# Why 2 dictionaries on my K3 ?



## PurpleDog (Jun 23, 2009)

For some reason, I have both the "New Oxford American Dictionary" and the "Oxford Dictionary of English" on my K3. Do I really need a dictionary ? Do I need both ? Can I delete one and be OK ? If so, how do you get rifd of them ?


----------



## Morf (Nov 18, 2010)

The Oxford Dictionary of English is UK English, as it is spoken on my side of the pond 
The American Dictionary is US English, as spoken over on the other side of the pond 

You can chose which dictionary to use based on your location, so that words like colour are spelt correctly. [or if you prefer, so that words like color are spelled correctly]!

I've never tried deleting them, I just switched to the proper one (UK of course ) and left it at that.

In answer to "do I need a dictionary", it is what drives the lookup feature - if you see a word in a book you don't understand, point to it with the cursor using the 4-way keypad and a definition will appear. I find I use this more than I thought I would, it's so easy that I look up words just to be sure I understand them rather than ignoring them as I would with a DTB (dead tree book).


----------



## D/W (Dec 29, 2010)

In addition to differences in the words included in the two dictionaries, the New Oxford American Dictionary has a different respelling (pronunciation) scheme than the UK version (Oxford Dictionary of English).

The default on the Kindle is the New Oxford American Dictionary.
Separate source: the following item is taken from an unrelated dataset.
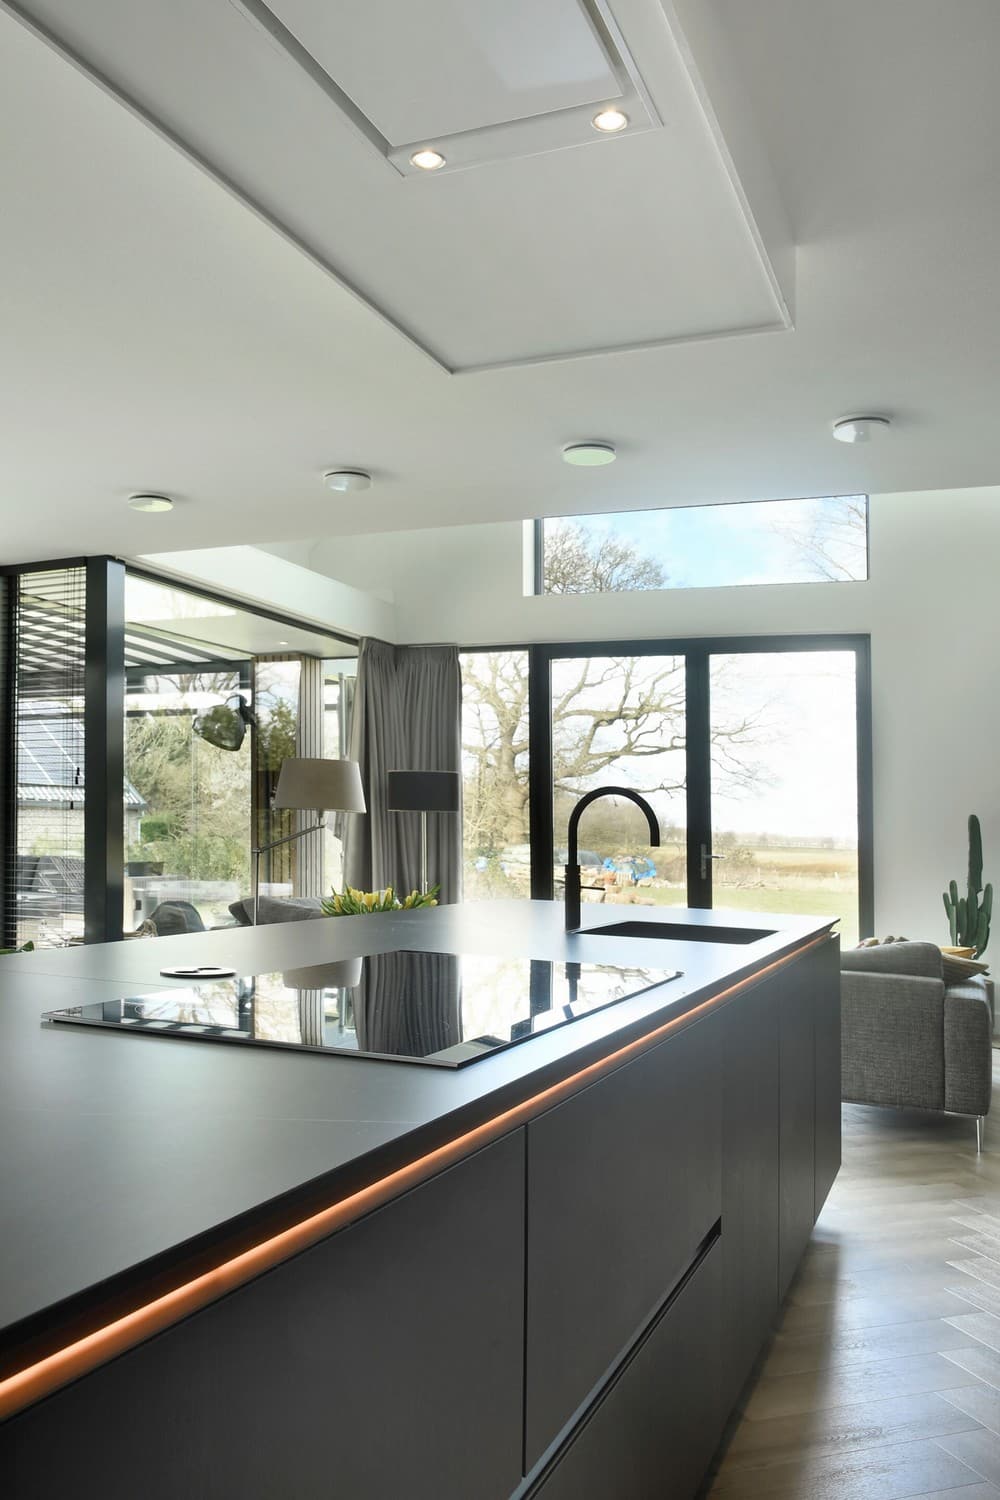 kitchen, The Netherlands / Lautenbag Architectuur

You can change the default dictionary by following these steps:


If you are not already on the Home screen, press the Home button.
Press the Menu button.
Use the 5-way to underline "Settings" and press to select.
Press the Menu button again.
Use the 5-way to underline "Change Primary Dictionary" and press to select.
Use the 5-way to underline the dictionary you want to use and press to select.


----------



## TheKindleWorm (Sep 11, 2010)

Just a word of warning - I wouldn't actually delete either of the dictionary files because they are default books installed via Amazon and I have read several reports of people getting their Kindle in a bit of a mess just because they were trying to delete a dictionary file. Just leave as they are and you wont have any issues.


----------



## ff2 (Oct 20, 2010)

TheKindleWorm said:


> Just a word of warning - I wouldn't actually delete either of the dictionary files because they are default books installed via Amazon and I have read several reports of people getting their Kindle in a bit of a mess just because they were trying to delete a dictionary file. Just leave as they are and you wont have any issues.


I just want to say that I've also read of issues so that you probably should just pick the one you want and just ignore the other one. I don't believe it takes up very much space so really it should not be an issue.


----------



## PurpleDog (Jun 23, 2009)

Thanks everyone ! I chose the New Oxford American as my default. Why do both of them still appear on my home screen ? I prefer to have my homer screen listing only stuff I'm currently reading or gonna read soon, and these 2 dictionary entries take up space. Is there a way to have them NOT appear on the home screen but also NOt delete them ?


----------



## D/W (Dec 29, 2010)

PurpleDog said:


> Is there a way to have them NOT appear on the home screen but also NOt delete them ?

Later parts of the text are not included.